Iniziamo subito premettendo una caratteristica fondamentale del full-length: ormai nello stile unico degli Asphyx Death e Doom si fondono alla perfezione e sono uno in pieno supporto dell’altro per offrire arrangiamenti dai quali, pur scaturendo un puro Death Metal, provengono anche atmosfere oscure e lievemente melodiche, quasi ad aprire la strada per quello che in futuro chiameremo Gothic nello stile di gruppi come i Draconian, che parecchio se non tutto devono a chi in passato ebbe il coraggio di sperimentare nella propria musica.

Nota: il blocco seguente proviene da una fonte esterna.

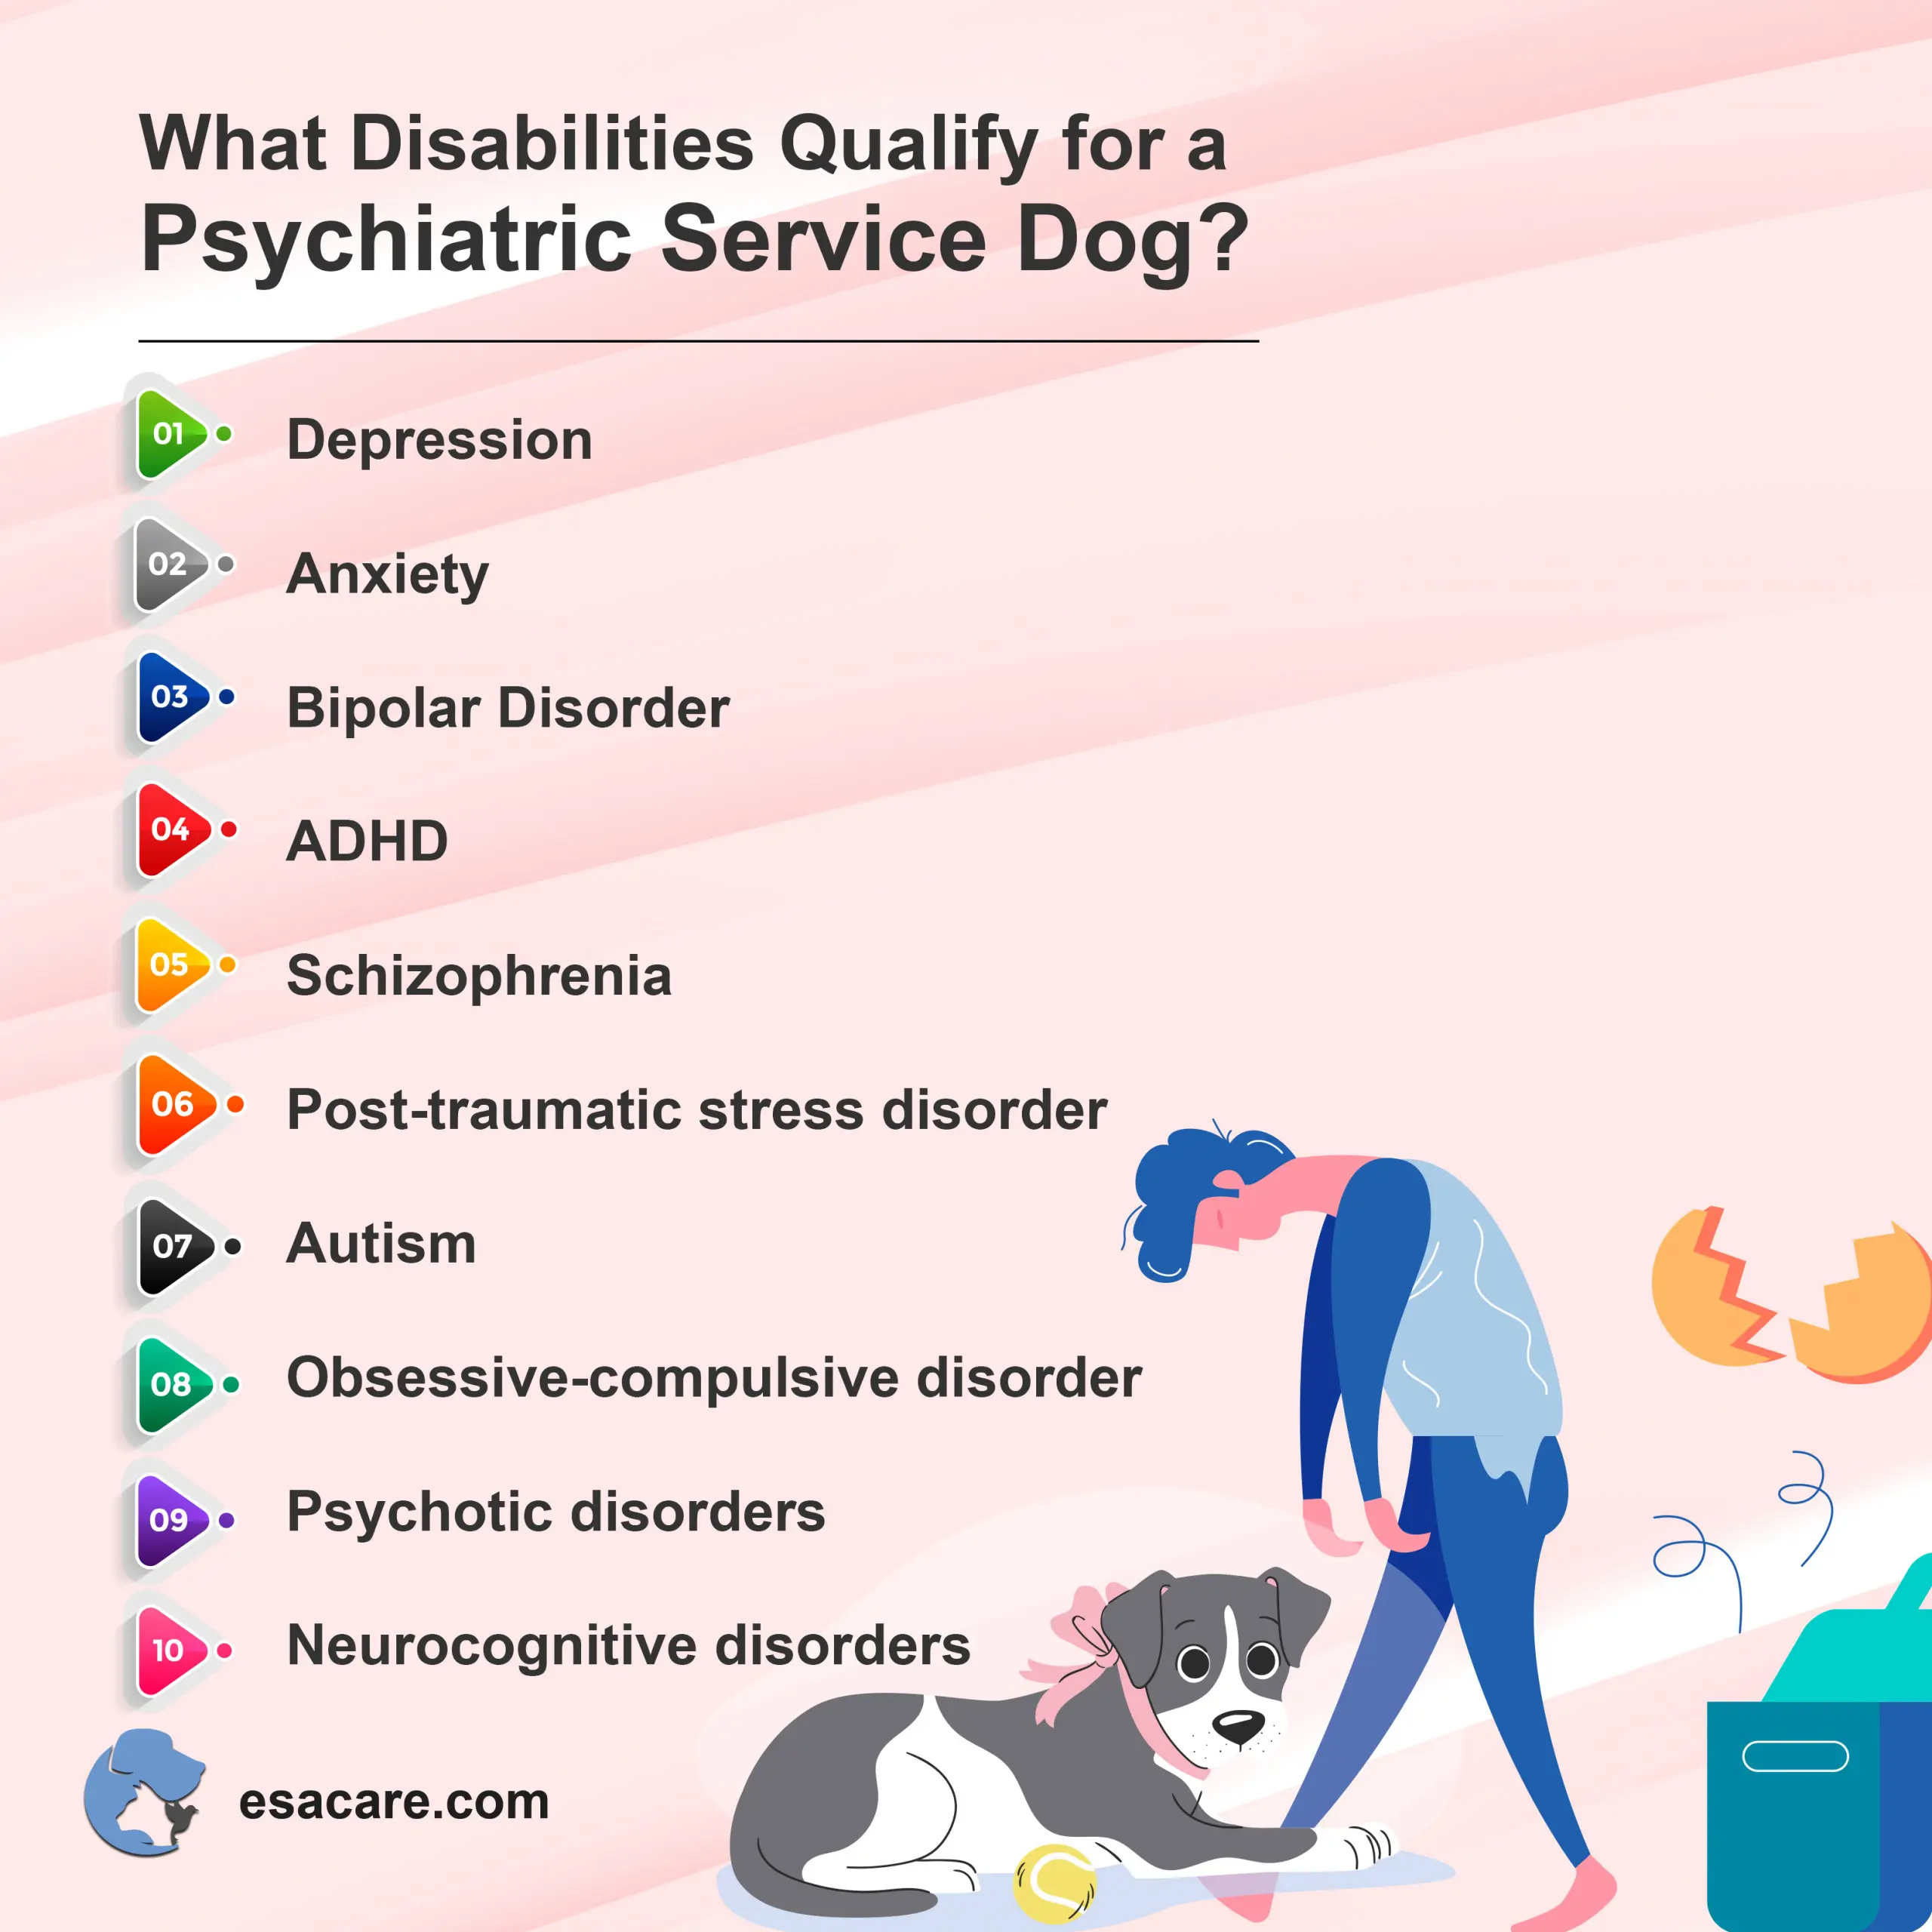 https://esacare.com/wp-content/uploads/2022/01/esacare_10-Crucial-Benefits-of-Psychiatric-Service-Dogs-in-our-Lives_image_1-scaled.jpg.webp

I ritmi di “Last One on Earth” si mantengono mediamente più elevati rispetto a “The Rack” e le due canzoni d’apertura (“M. S. Bismark” e la storica “The Krusher”) ce lo dimostrano subito. La band vuole dimostrare di aver saputo correggere le lievi imperfezioni del passato e infatti sin dai primi vagiti il disco si rivela molto più curato e dettagliato in ogni singolo passaggio o stacco. La qualità di registrazione ha anch’essa compiuto passi da gigante e il suono pare non avere più quella leggera patina che lo contraddistingueva in precedenza. Qui poi è questione di gusti dire cosa sia meglio, resta il fatto che il risultato è strabiliante.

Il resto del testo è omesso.